Gaurav Bhatia is part of the first generation of luxury marketers in the country and now runs his own luxe and lifestyle advisory cell Maison. A purveyor of slow luxury he seeks hedonistic pleasures responsibly. Follow him on Instagram @champagneboy75
Over the years, the luxury market and the industry have grown steadily in India but the global outbreak of the pandemic sent retailer back many steps. While most brands were not ready for the months of closure, many still grapple to keep their heads above water while still many simply shut shop. Despite mall closures, drop in customer walk-ins, restrictive hours and other disturbances, the global luxury industry is trying to thrive on and taking notes from the world as it unfolds.
The global diversity, varying physical divide, and the introduction of various new drills in retail have changed erstwhile harmonized definitions. Various brands are figuring out new tunes while maintaining their authenticity and picking up on the changing trends. In the wake of recent changes to the industry, we speak with Gaurav Bhatia, Ex-Sotheby’s India Chief and one of the prominent luxury experts, who has set up his own Luxury consultancy Maison. “High-end retail as we know it is seeing challenges owing to the recent pandemic.
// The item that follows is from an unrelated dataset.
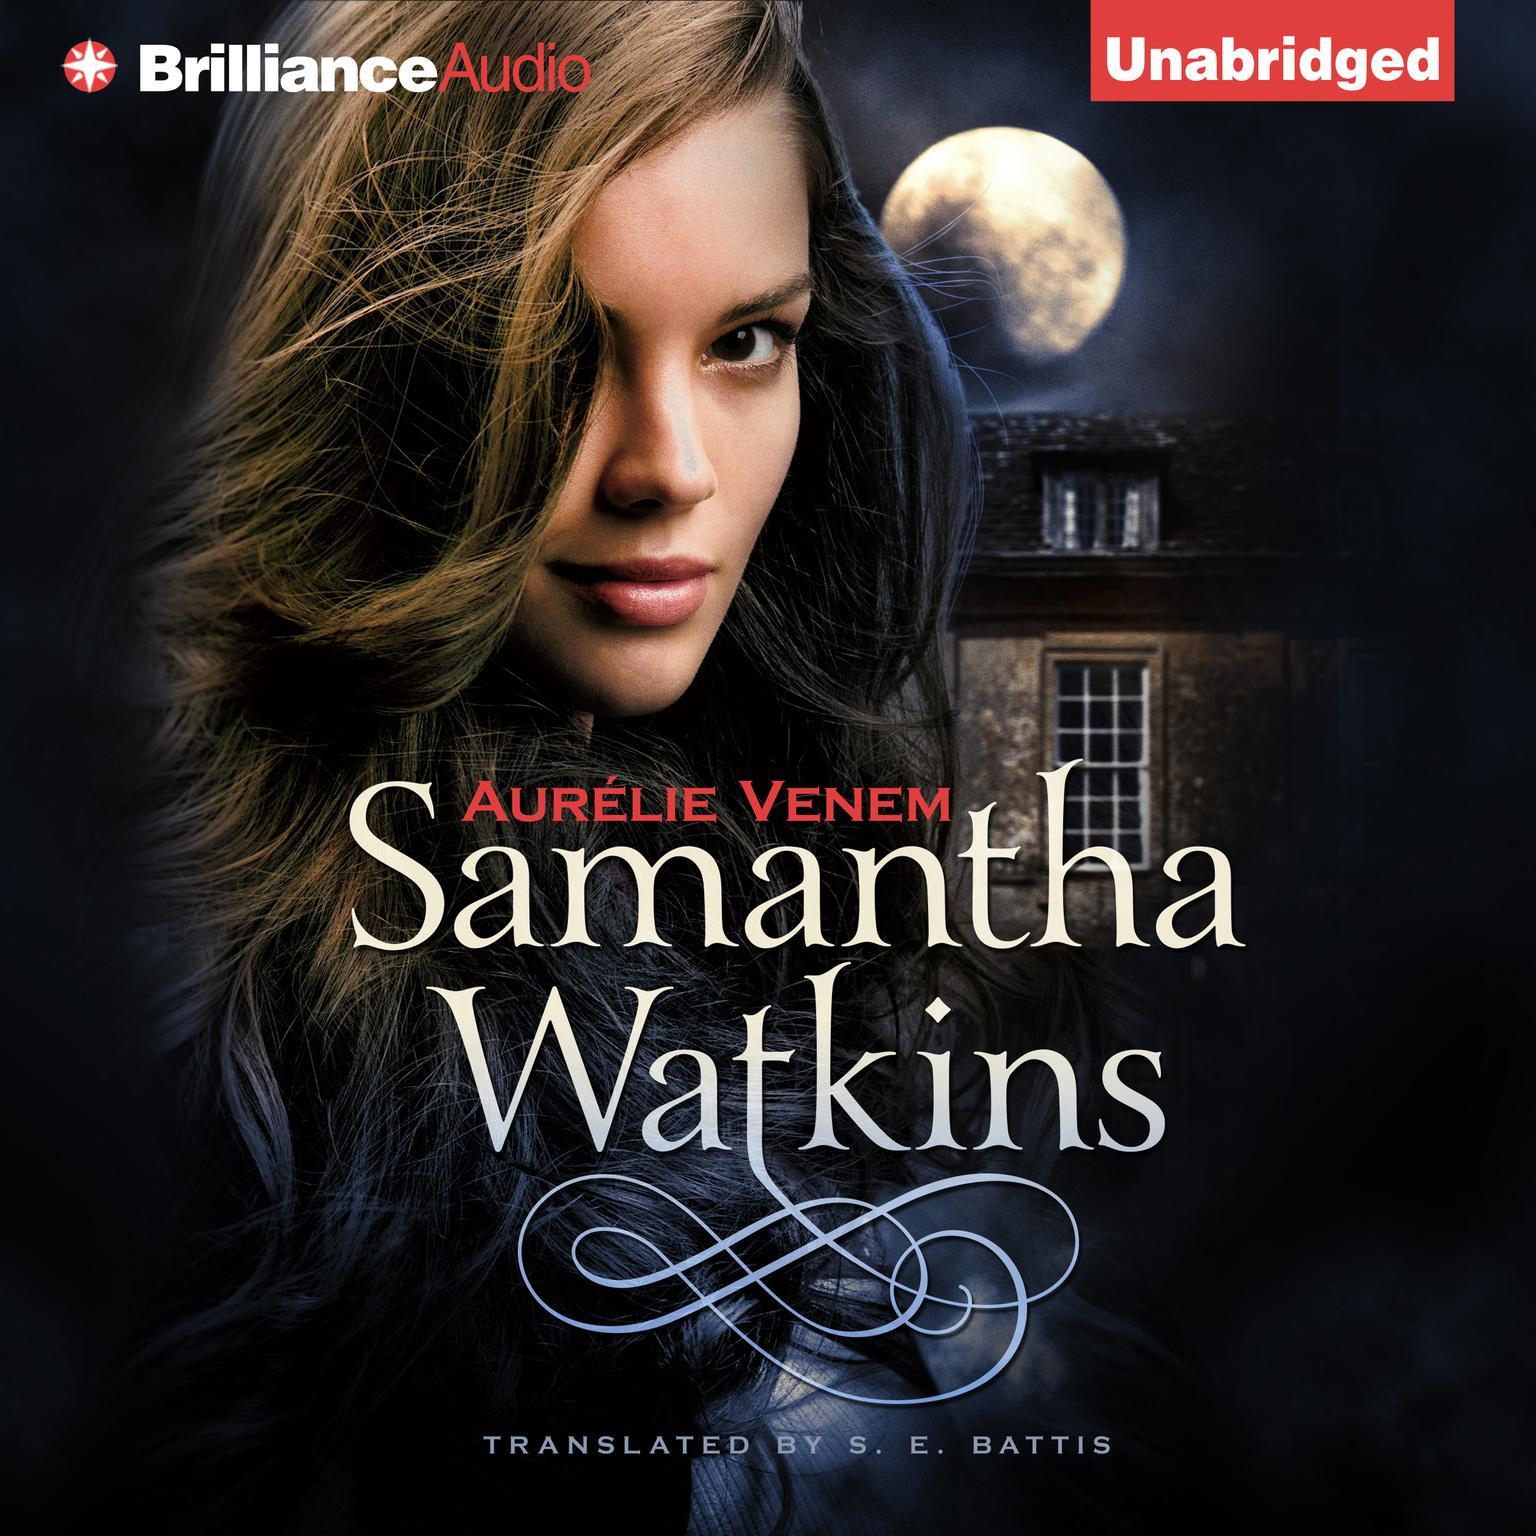 Samantha Watkins: Chronicles of an Extraordinary Ordinary Life Audiobook, by Aurélie Venem

Enough has been written about it. I see new trends being born out of this. One key trend is consumers warming up to preowned luxury. Touted to be a $25 billion business, pre-owned luxury is de rigueur in the Western world and Asia. I think it won’t be before long that it will find relevance in India as well,” says Bhatia.
Will the Indian consumer actually buy pre-owned, pre-used goods? Isn’t there a taboo associated with old clothes and goods in general? Bhatia has a different take. “What’s not to love in last season’s Vuitton confections? Or find a vintage Chanel 2.55 from the 1950s? And since many can’t get the Hermes Birkin due to its infamous waiting list, this is perhaps the only way to actually own one without being a telecom magnate, movie star or Miss Birkin herself. The luxury consumer today understands how fiscally sound buying pre-owned is and isn’t shy to own up to it. Millennials and Generation Z in particular are a far more conscious and open-minded demographic open to trends like this.”
A trend started by little vintage shops and democratized by eBay is now big business. The market leader, online retailer of pre-owned luxury The RealReal went public earlier this year with a valuation of $700 million. Closer home, Luxepolis, India’s pioneering online marketplace for preowned luxury remains the most trusted source for authentic, certified and a tightly curated range of brands from Hermès and Chanel to Louis Vuitton and Goyard and everything in-between. Patek Phillipe and Rolex watches are sold within minutes of hitting the site. Other players like Tried & Treasured apart from accessories also delve in pre-owned clothing including Indian designers like Sabyasachi and Abu Jani Sandeep Khosla.
Brands are working towards sustainability and reusability by taking lead in bringing pre-loved luxury to the masses at an affordable price. The brands themselves endorse creating affordable luxury segments while increasing loyalty and creating a halo around their brand keeping the consumers engaged.
“In a world burgeoning in political, social and economic upheaval, multiculturalism, sustainability and individualism has never been more au courant than it is today. With blurring lines around traditional gender, diversity, and identity politics, the definition of the good life is changing as we know it. Responsible luxury is trending as the new code and careless consumerism may soon be passé. The world is not the same anymore. Thankfully neither is luxury.” concludes Bhatia.
Globally, consumers are looking for affordable and smart ways to revive their lifestyle. Market watchers are observing curious shifts in the market concerning the luxury buyers and it is with time the impact will unfold themselves. Pre-owned luxury may just be the next big mantra in India.